You'll get the newly created model-run as a response:

 1
 2
 3
 4
 5
 6
 7
 8
 9
10
11
12
13
14
15
16
17
18
19
20
{
  "id": 12,
  "title": "Ingestion 3.2",
  "region": null,
  "performer": {
    "id": 7,
    "team_name": "Kitware",
    "short_code": "KIT"
  },
  "parameters": {
    "any": "data"
  },
  "numsites": 0,
  "score": null,
  "timestamp": null,
  "timerange": null,
  "bbox": null,
  "created": "<creation_datetime>",
  "expiration_time": "01:00:00"
}

Add data to a model-run

You can POST a Site Model Specification JSON to the endpoint /api/model-runs/{id}/site-model/ or a Region Model Specification JSON to the endpoint /api/model-runs/{id}/region-model/.

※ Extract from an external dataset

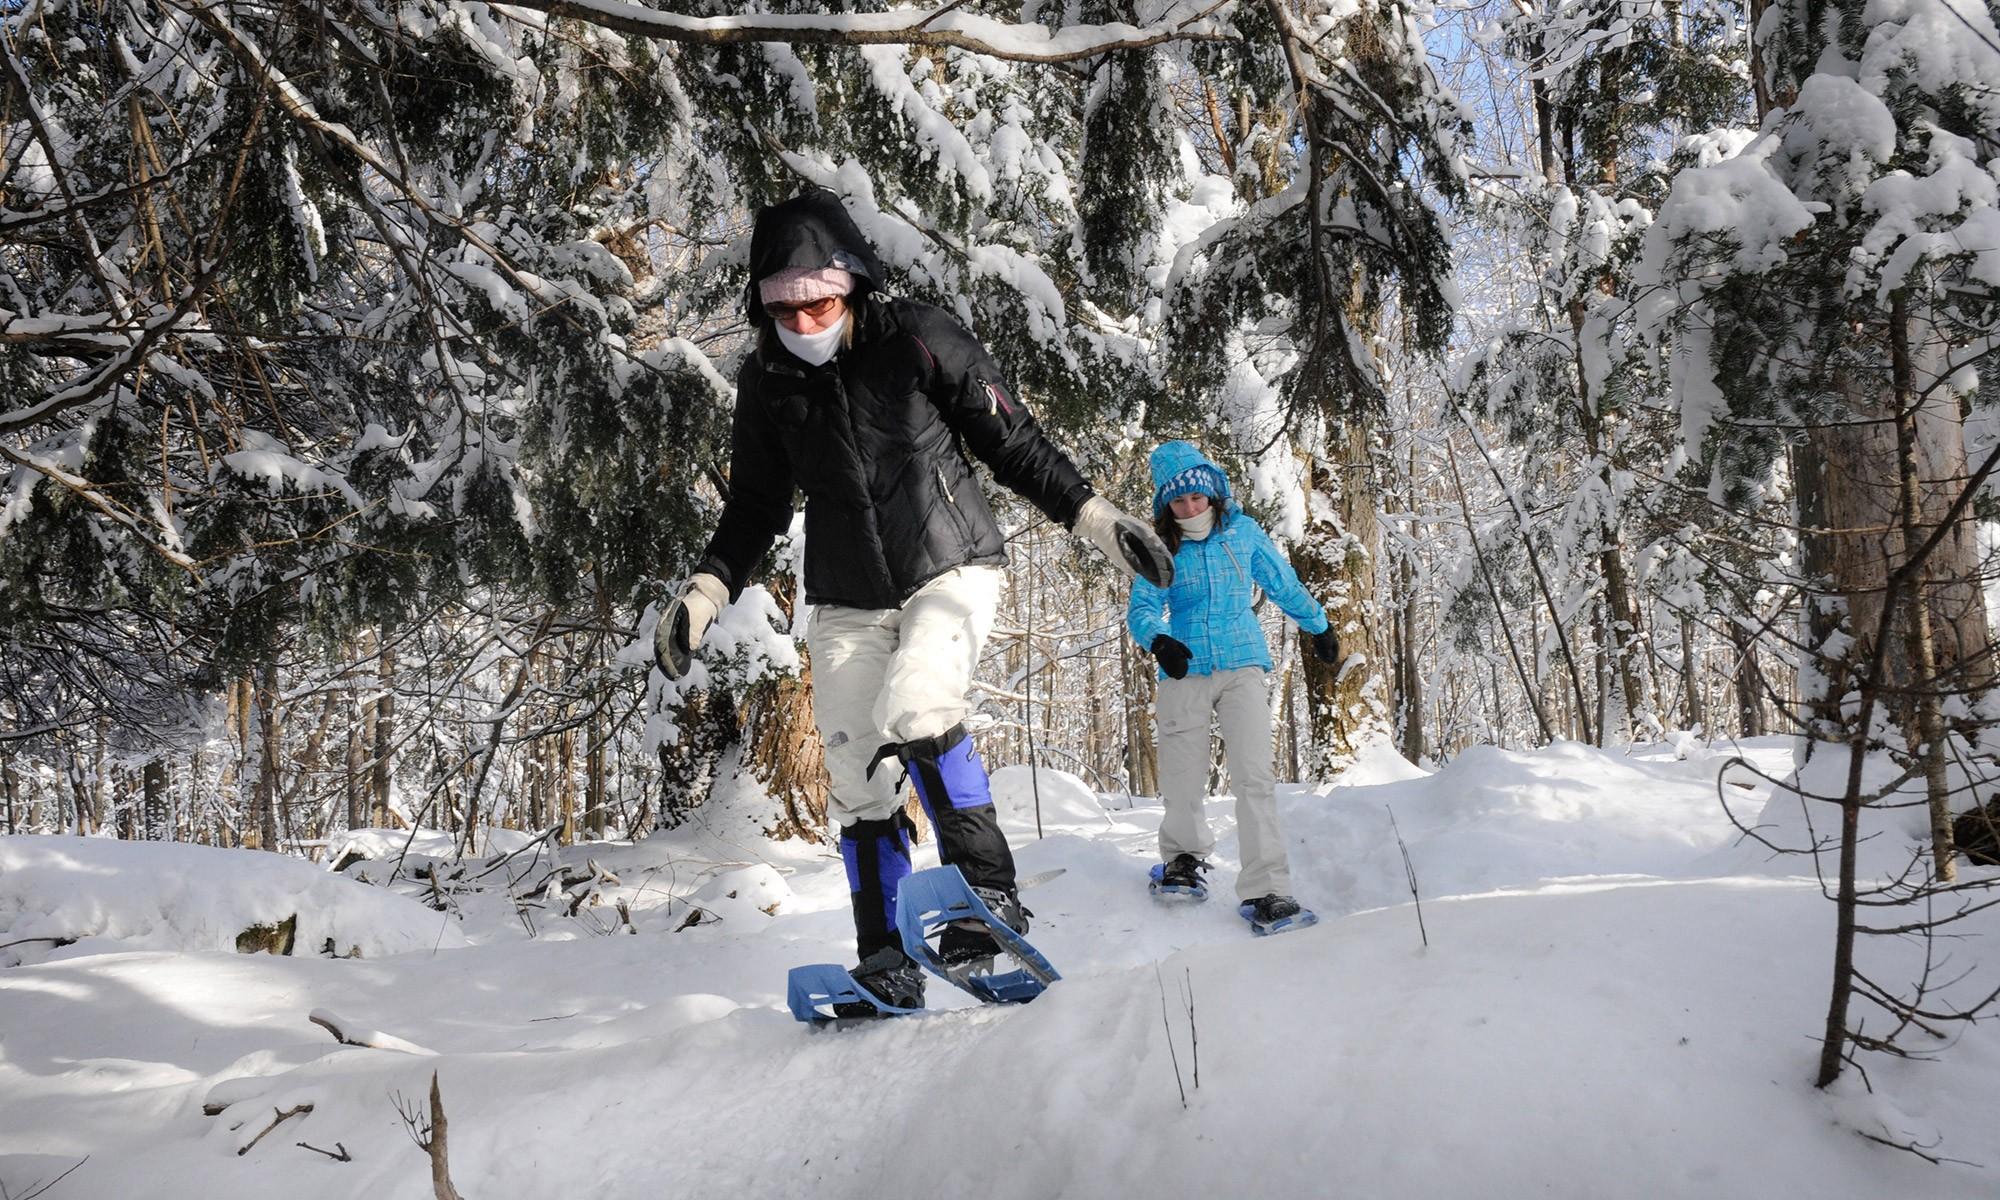 À proximité de la ville, vous pourrez pratiquer le ski alpin et aurez accès à maintes autres activités selon les saisons, telles que le vélo de montagne ou la descente de glissades d'eau.

Following the above example, lets POST a Site Model Specification JSON file in the current working directory named "site.json" to the newly created model-run:

1
2
3
4
5
6
$ curl \
    -H "Content-Type: application/json" \
    -H "X-RDWATCH-API-KEY: {RDWATCH_MODEL_RUN_API_KEY}" \
    -X POST \
    -d @site.json \
    https://some.rgd.host/api/model-runs/12/site-model/

Ensure the JSON correctly validates against the Site Model Specification. While many validation errors are reported, a malformed JSON will not report helpful errors. For example, the specification mandates each 'Observation' feature must include a current_phase string, but some data in the wild is not compliant with this and instead includes "current_phase": null. This is a malformed JSON and will not able to be parsed.